▸ **Exercise objective**: A faithful copy of the data, pictures omitted, is the required answer.

▸ **Information supplied**:
____

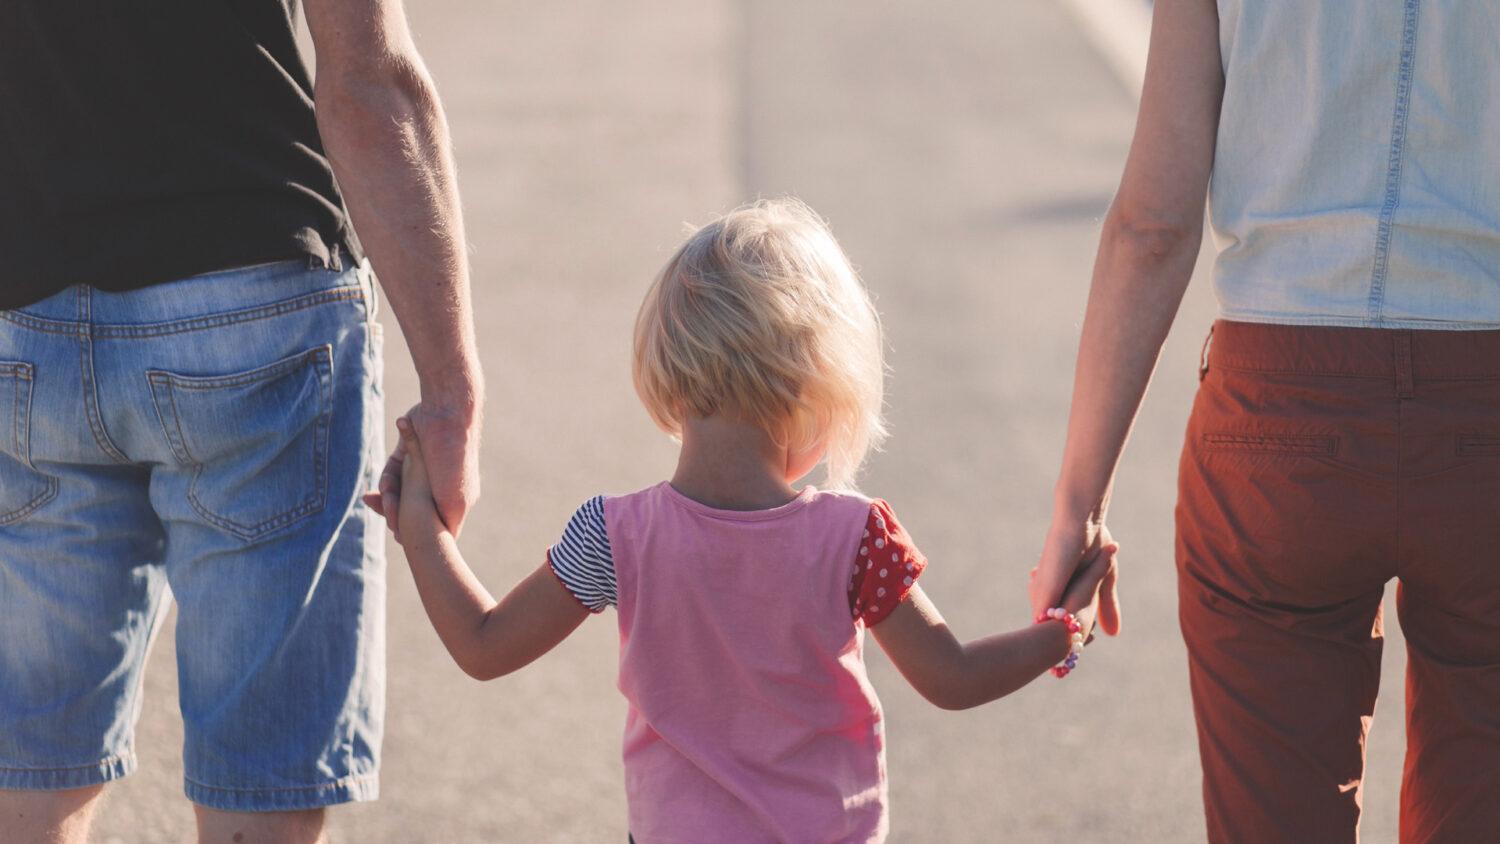 Päť viet, ktorými svojim deťom vyznávam lásku
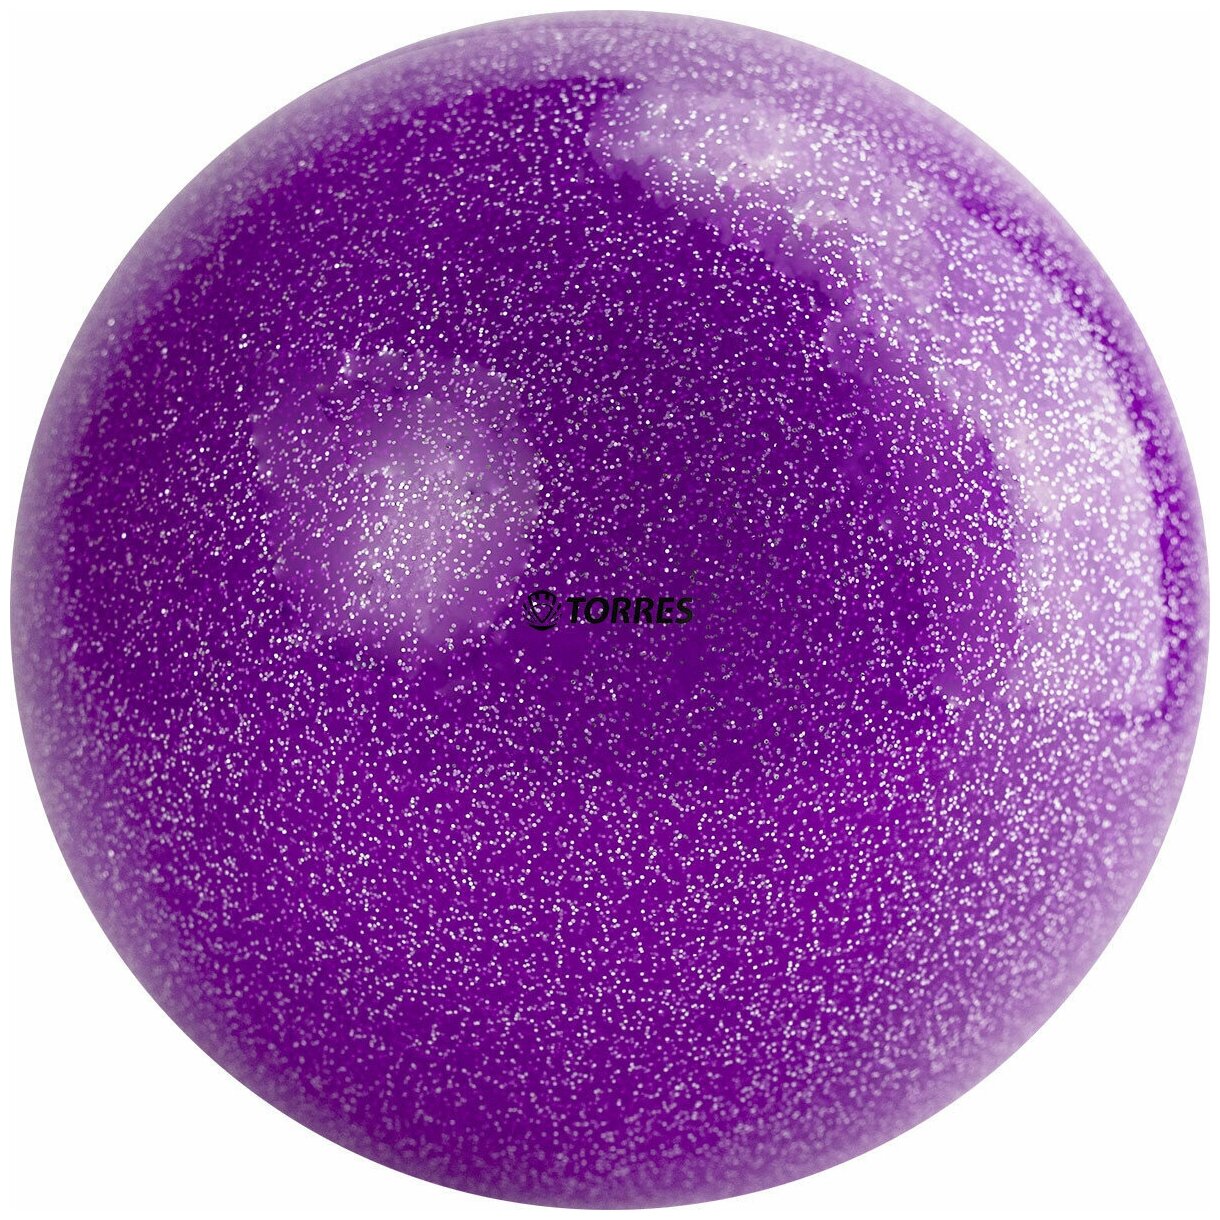 Мяч для художественной гимнастики однотонный TORRES AGP-15-03 диаметр 15 см фиолетовый с блестками
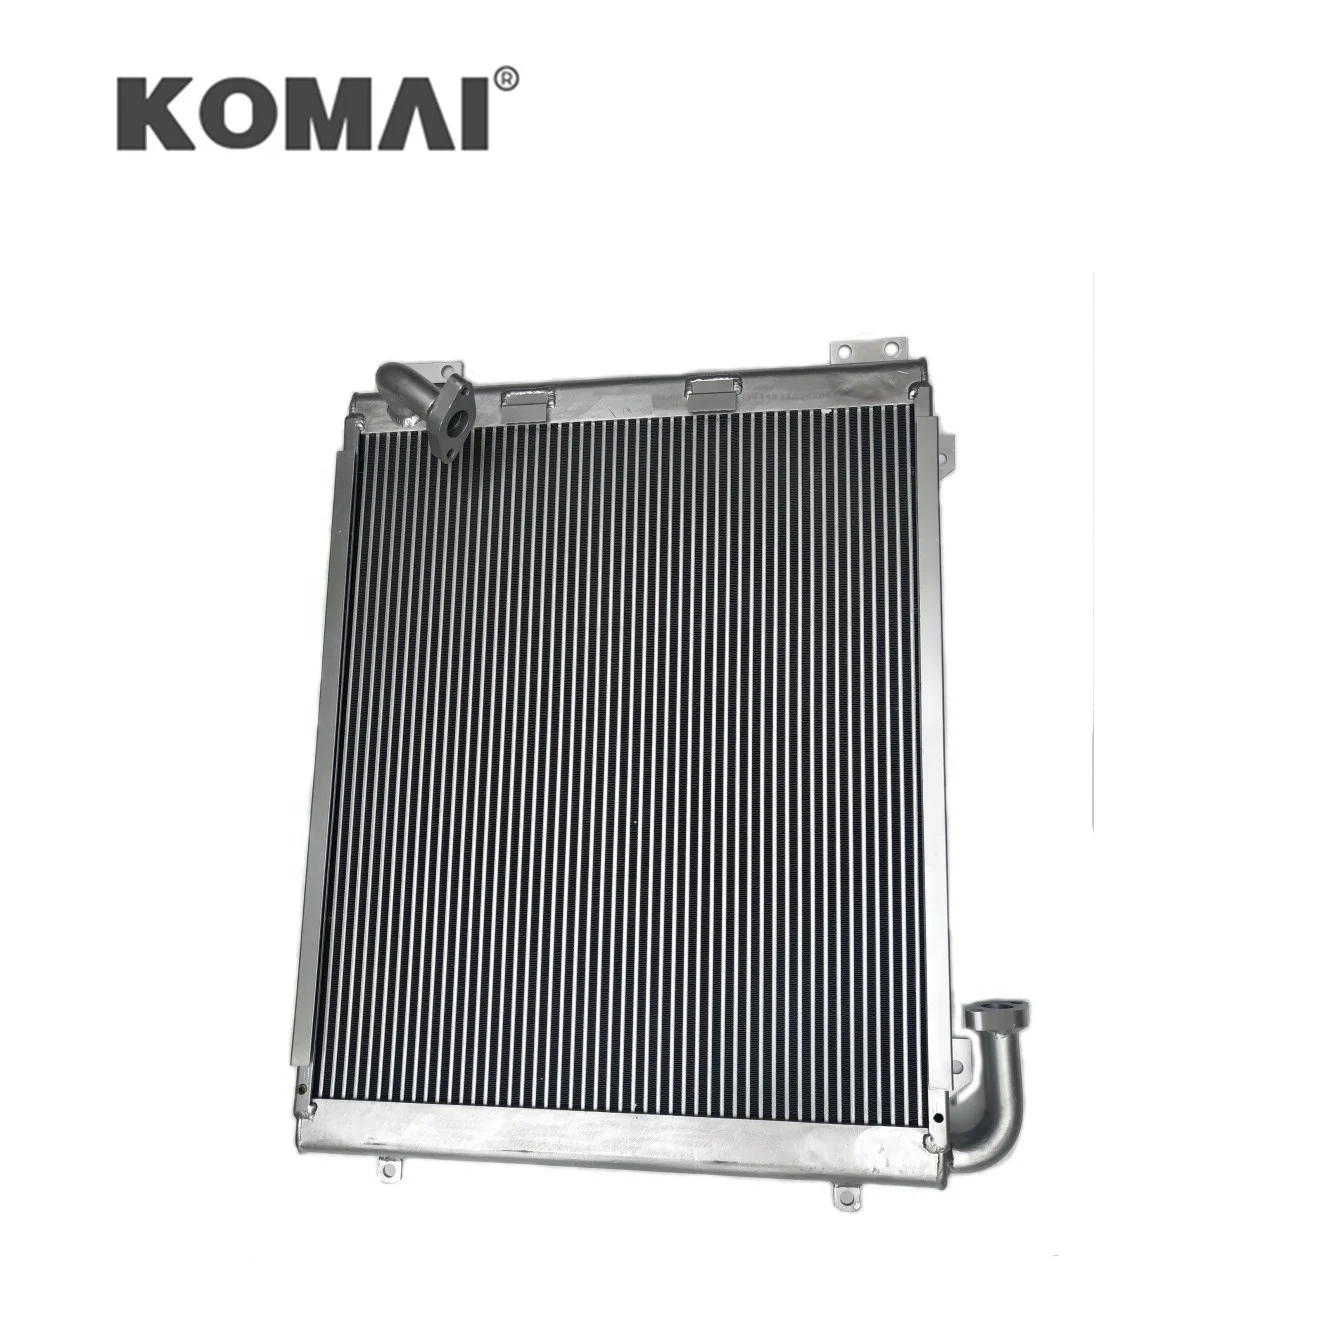 

Детали для экскаватора, алюминиевый Гидравлический масляный радиатор 20Y-03-21121 для Komatsu

____

▸ **Result of this exercise**:
 Päť viet, ktorými svojim deťom vyznávam lásku
 Мяч для художественной гимнастики однотонный TORRES AGP-15-03 диаметр 15 см фиолетовый с блестками

Детали для экскаватора, алюминиевый Гидравлический масляный радиатор 20Y-03-21121 для Komatsu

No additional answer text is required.